We’ve all had times when we thought we saw something only to
find out it was something completely different. The movies over the years have
showed us countless examples of people lost or stuck in the desert thinking
they see water, but once they approach the edge, it’s really not water after
all. Whenever we drive to the cabin, once nightfall approaches, every mailbox
looks like a deer on the side of the road.

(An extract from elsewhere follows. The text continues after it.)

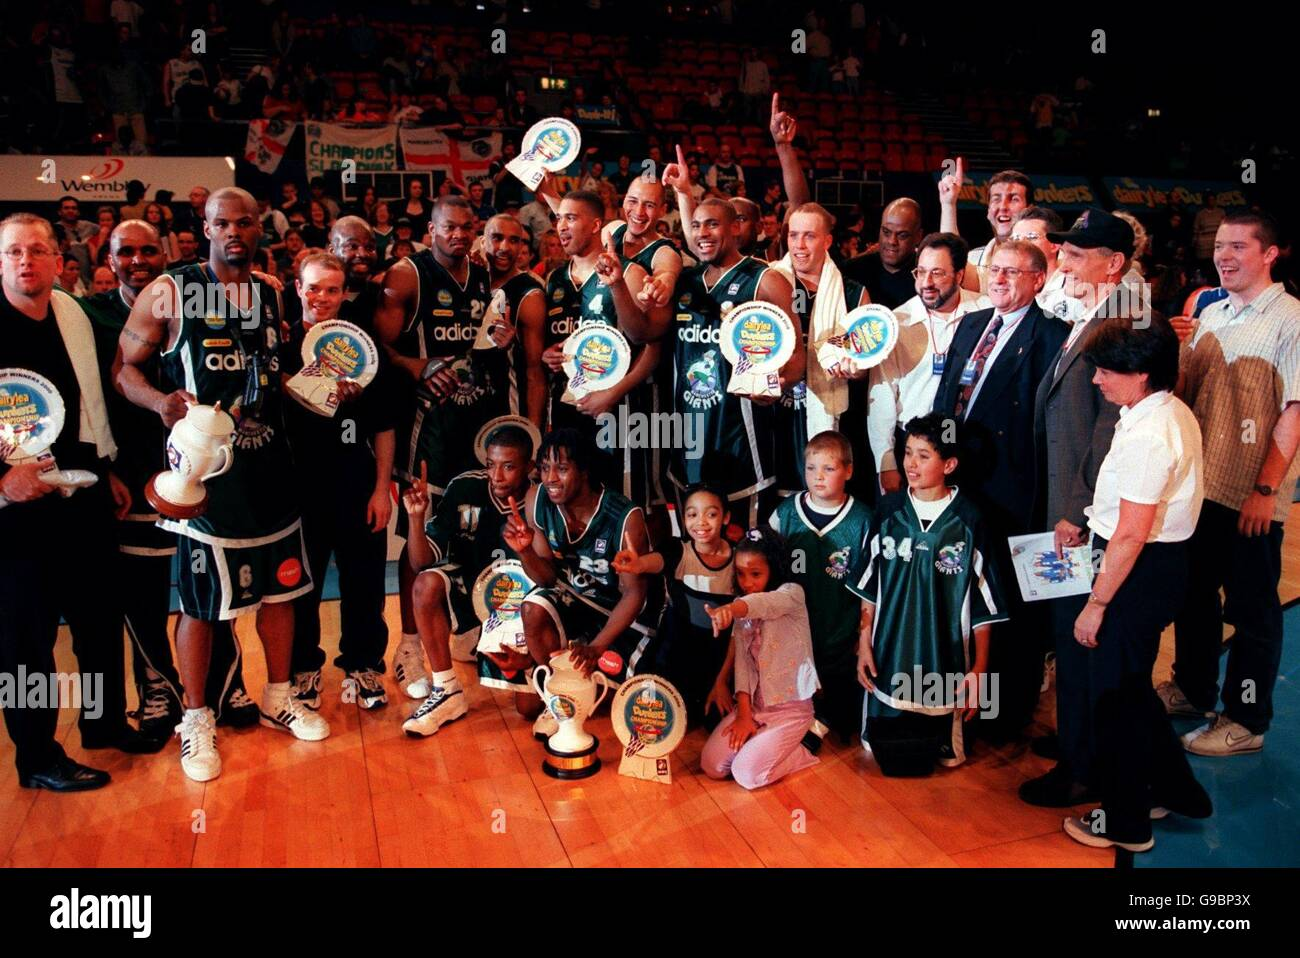 Basketball - Dairylea Dunkers Championship - Final - Manchester Giants v Birmingham Bullets - Stock Image

Thinking back, I have countless examples of seeing
something, making a lightning-quick assessment of it, labeling it as something
and then realizing my assessment was far off the mark. I’ve never really
thought about this phenomenon before, but as I was gazing out the window, a
stone trash reciptical looked like it
had a vine growing on it. As I was trying to figure out where the vine came
from, if it grew up from a crack in the sidewalk or whether it was potted
inside the vessel and flowing over the edge, I realized there was no vine; it
was just a stone trash can. But my mind was able to create a whole story and
assessment based on something I thought I saw. It was all a figment of my
imagination.
How powerful this is to consider how much impact these
figments have on our lives. We think someone is doing something for one reason
or another, we feel attacked by someone’s words, we hear someone say our name,
or we let our minds run crazy with stories that have nothing to do with
anything. We wrongly accuse people for things we think we saw them do or not
do. We end relationships and cause family rifts because of something we think
we saw or heard. I could go on and on.
The point is, what impact do figments of our imaginations
have on life? Are they harmful? Are they imaginative, creative and helpful? Or
are they neutral and not matter at all?
I don’t know the answers. I just know that paying attention,
learning to see things before judging them or assessing them and always being
curious, we can learn to see when these figments occur and act accordingly
(whatever that means).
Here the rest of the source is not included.